> ACTION ITEM
From the first line to the last, restate the material word for word; pictures stay out.

> RECORDED INFORMATION
_ _ _ _ _

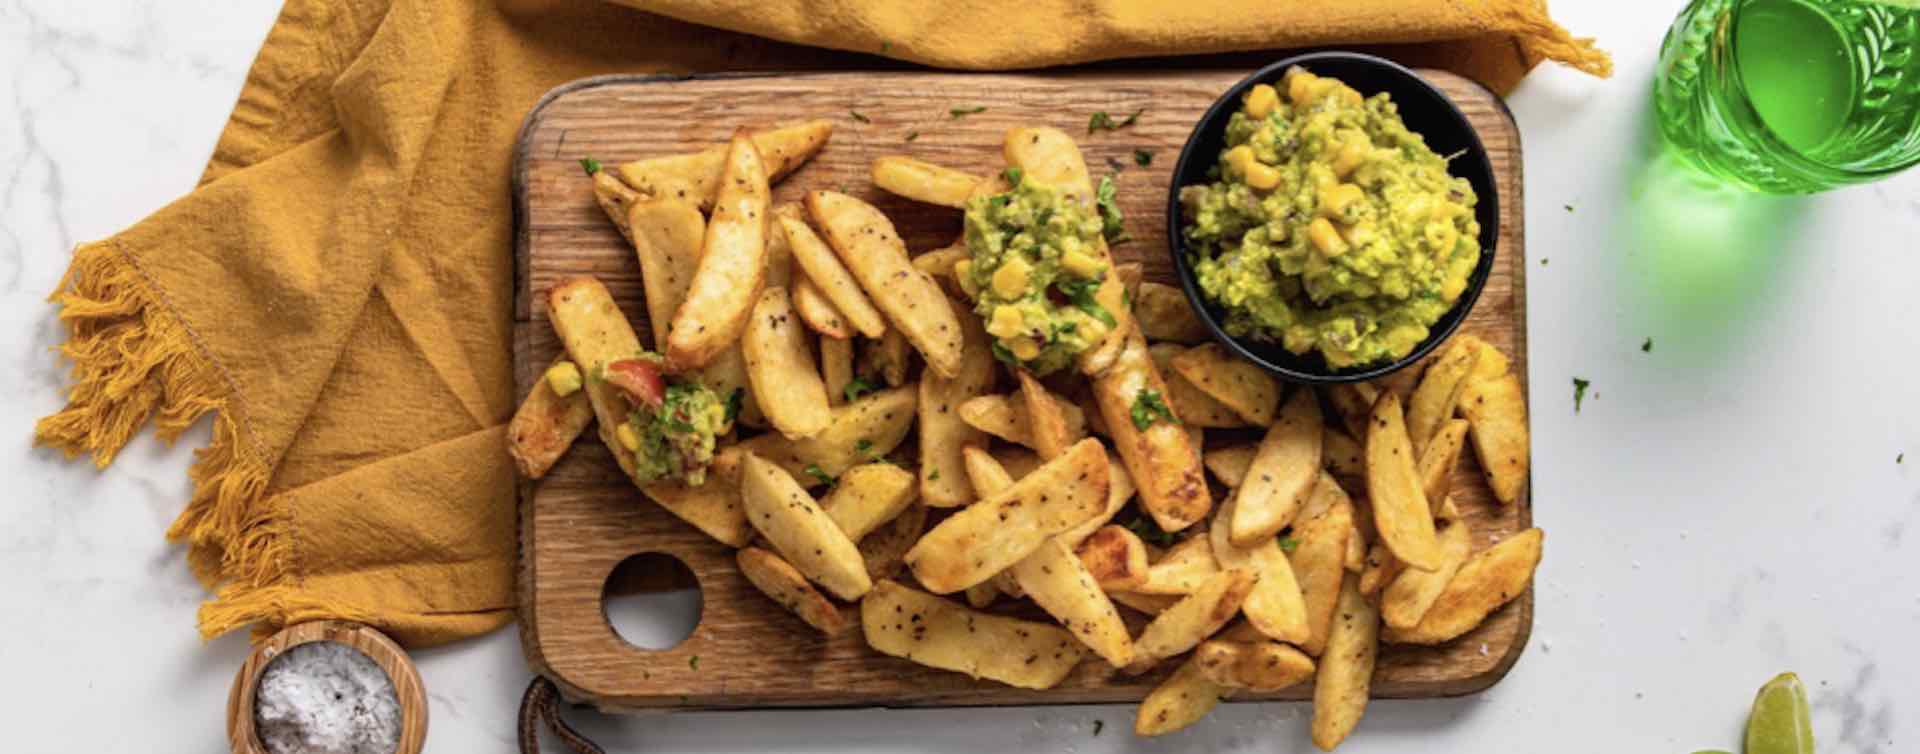 Oven Chips With Guacamole Dip
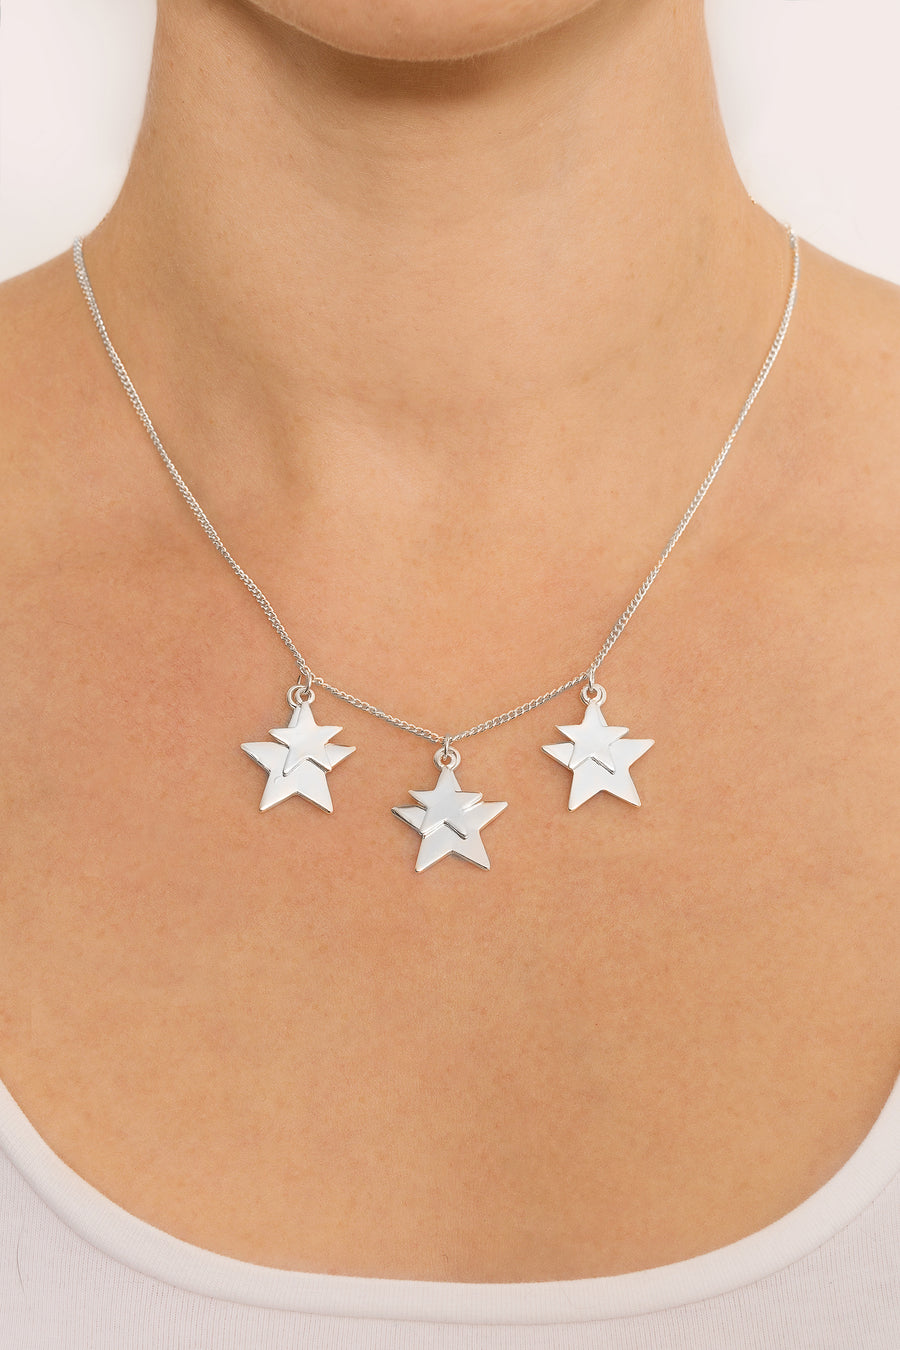 Silver 'Cascading Star' Charm Necklace
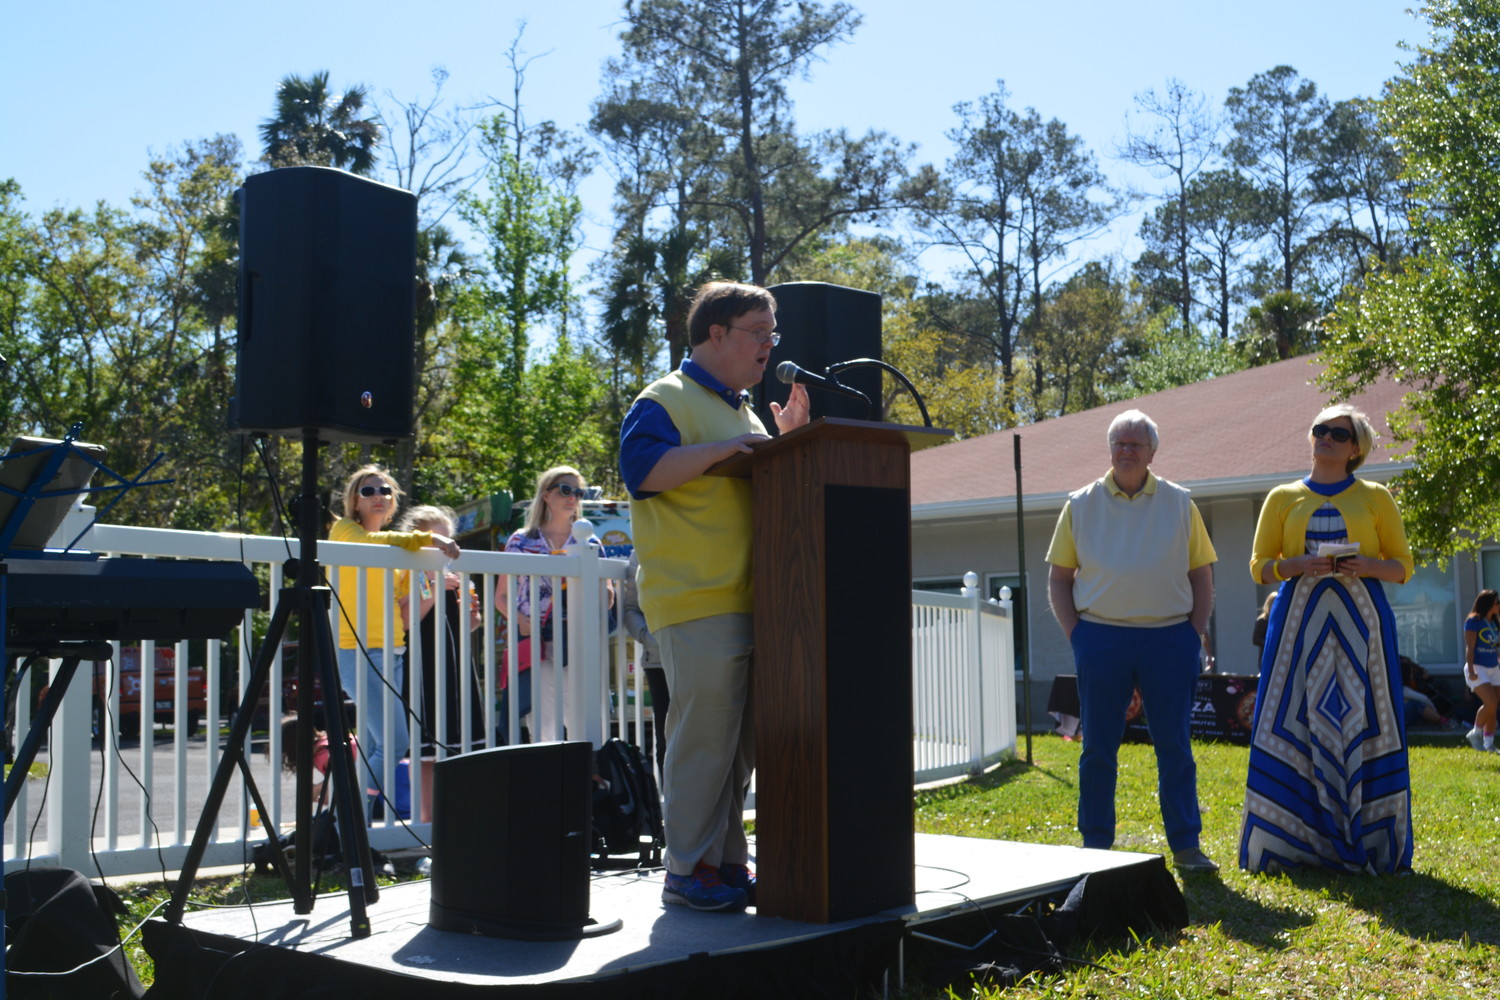 John Franklin Stephens delivers a speech at the 321 Love Your Neighbor event March 21 hosted by the Tesori Family Foundation and Collage Day School.
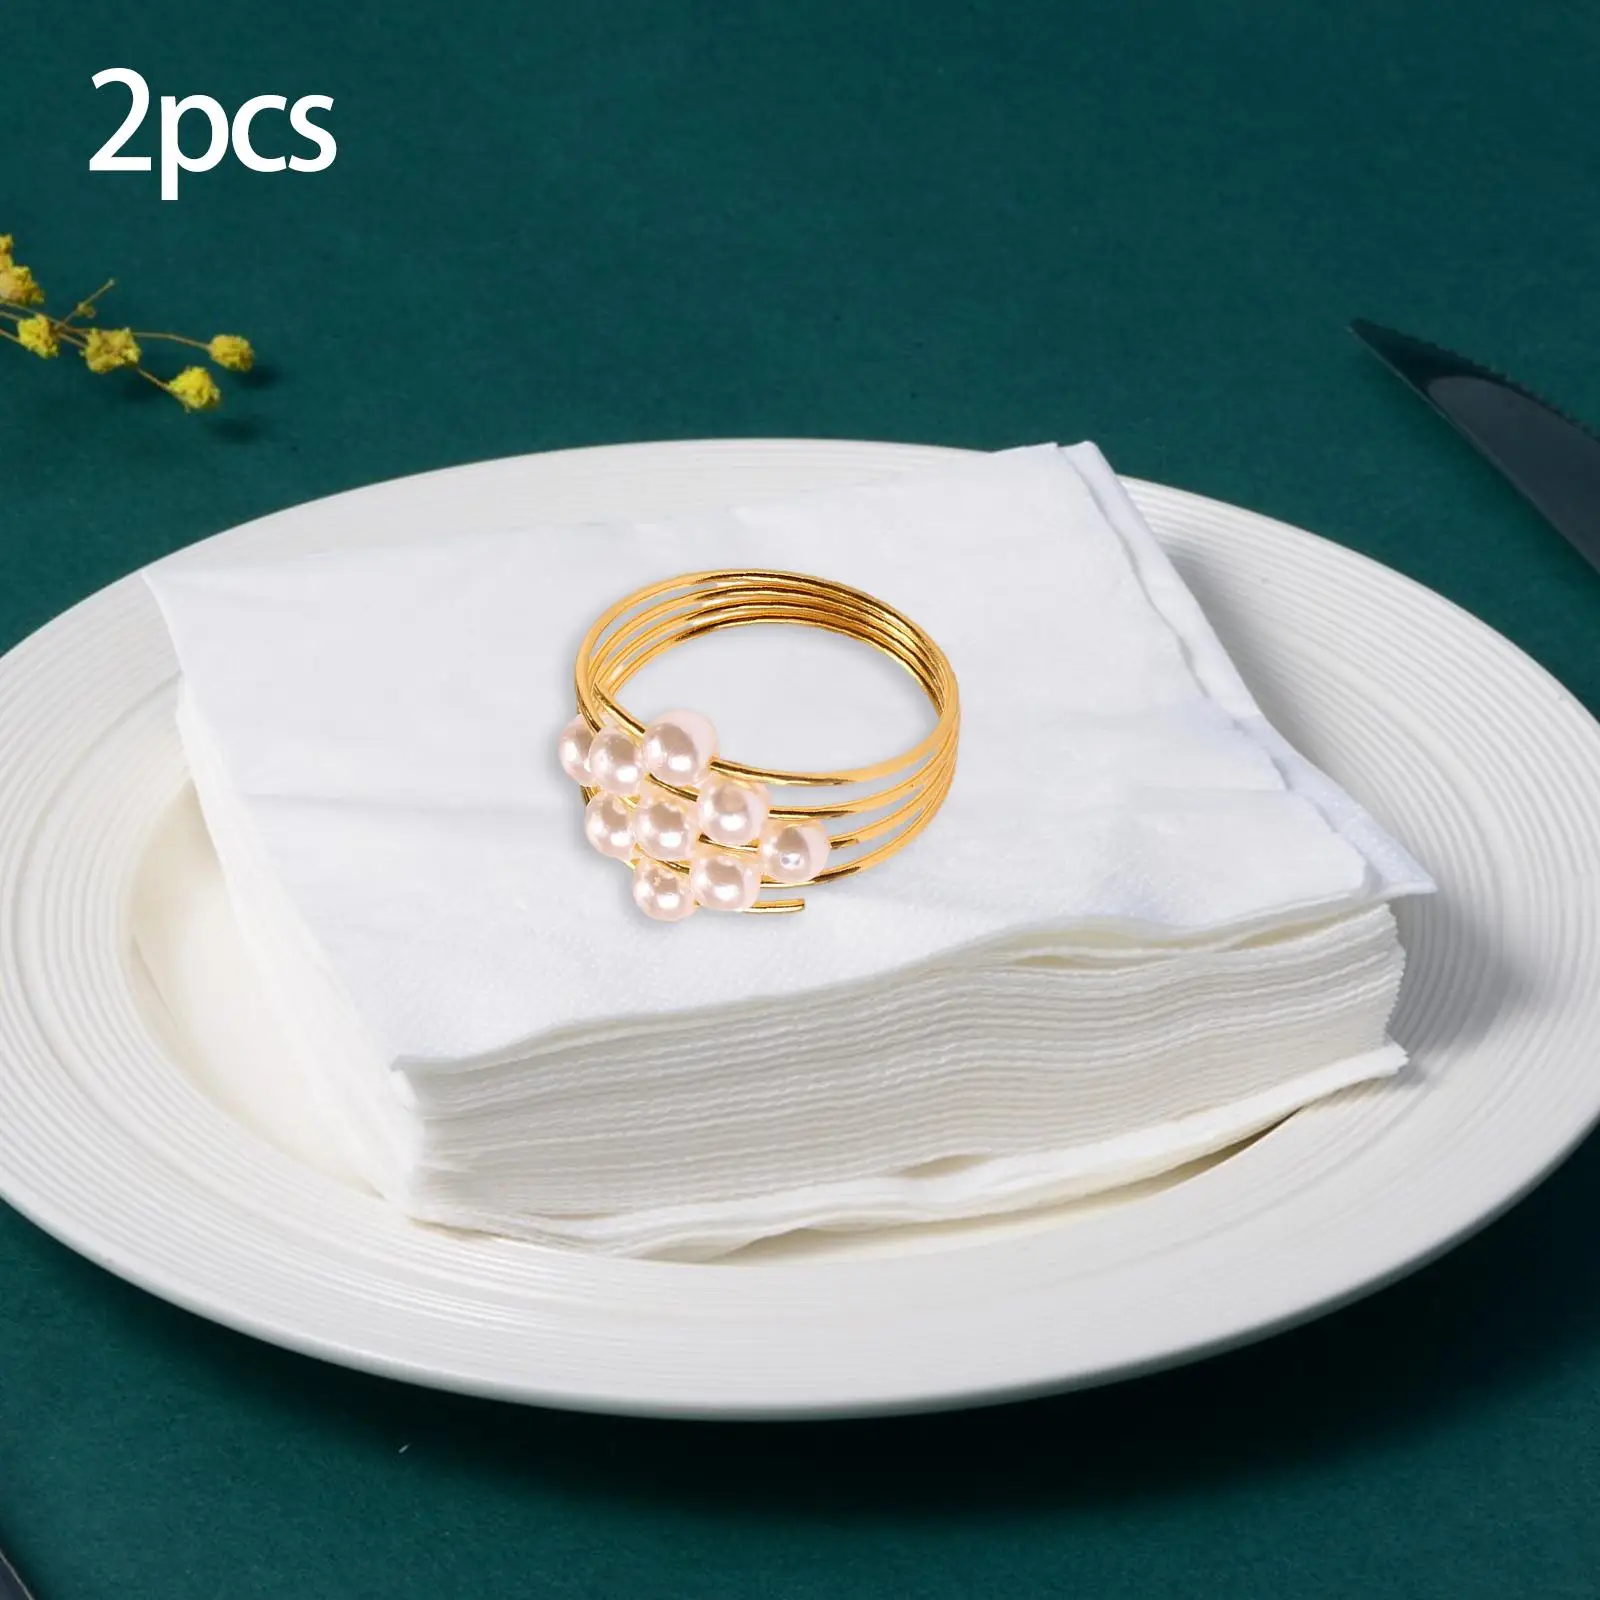 2x Metal Napkin Rings Holder Napkin Buckles Table Setting Decoration Pearls for Party Table Holiday Christmas Halloween

_ _ _ _ _

> COMPLETED TASK
 Oven Chips With Guacamole Dip
 Silver 'Cascading Star' Charm Necklace
 John Franklin Stephens delivers a speech at the 321 Love Your Neighbor event March 21 hosted by the Tesori Family Foundation and Collage Day School.
 2x Metal Napkin Rings Holder Napkin Buckles Table Setting Decoration Pearls for Party Table Holiday Christmas Halloween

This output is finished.